Development and evaluation of an assessment of the age-appropriateness/inappropriateness of formulations used in children

To develop and test a tool to assess whether a DF (formulation) is appropriate for children and estimate the proportion of formulations considered ‘inappropriate’ in a cohort of hospitalised paediatric patients with a chronic illness.

UK NHS Research Ethics Committee (North-West Liverpool East, REC Reference:14/NW/1437, Approval Date:08/12/2014) and the Health Research Authority (HRA), Integrated Research Application System (IRAS) no:164741.
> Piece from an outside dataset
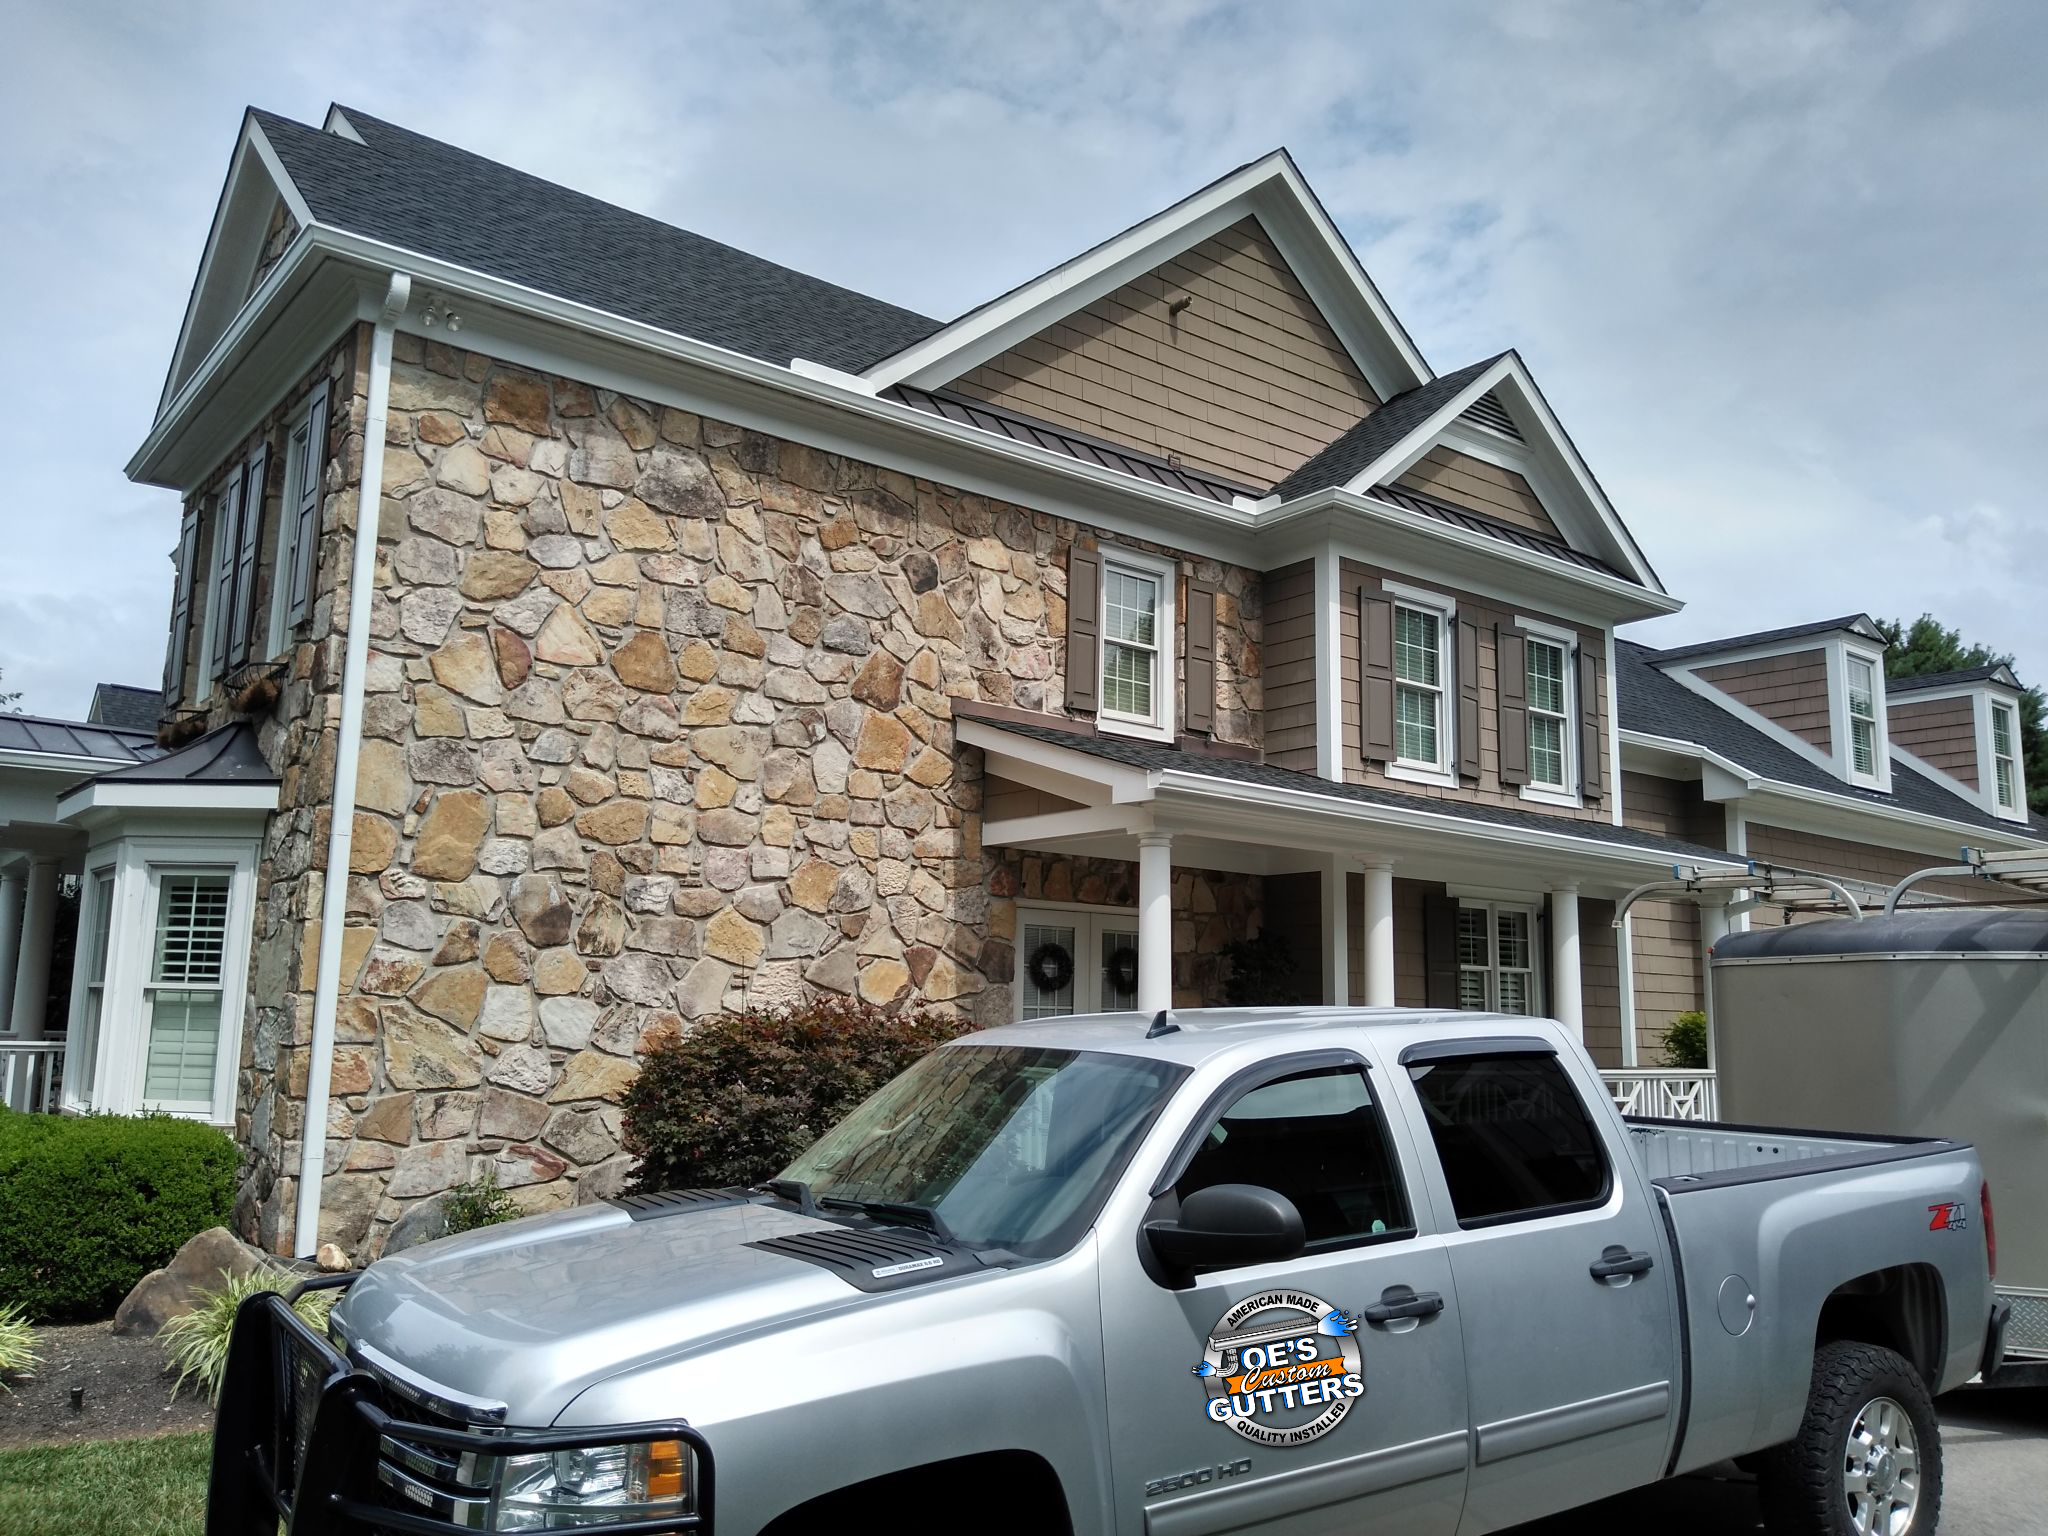 Gutter cleaning in Knoxville TN

The tool was developed using a selection of cases (purposive sampling) gathered in the AaF study. Accordingly, data collection is described first. Data collection provided both a broad and representative corpus of medicine administration episodes (MAEs) for tool development and a separate, but much larger, dataset for the evaluation of MAEs.

A prospective, observational study collected MAE data from a UK tertiary paediatric hospital (Alder Hey Children’s NHS FT, (AH)) and neonatal unit (Liverpool Women’s NHS FT, (LWH)) across several recruitment periods, between January 2015 and March 2016 (18 weeks in total). On admission, patients were tracked (until discharged from admission ward) and assigned a unique study ID code. Targeted paediatric speciality wards included cardiology, nephrology, rheumatology, gastroenterology, neonatology, and neurology (ward based “sample of convenience”).

Written informed consent was obtained from parent/guardian for children under 16 years; 16–17 years provided own consent; written assent was requested from children over 6 years. Consent allowed the research team to access patient clinical/prescription records needed to assess study eligibility.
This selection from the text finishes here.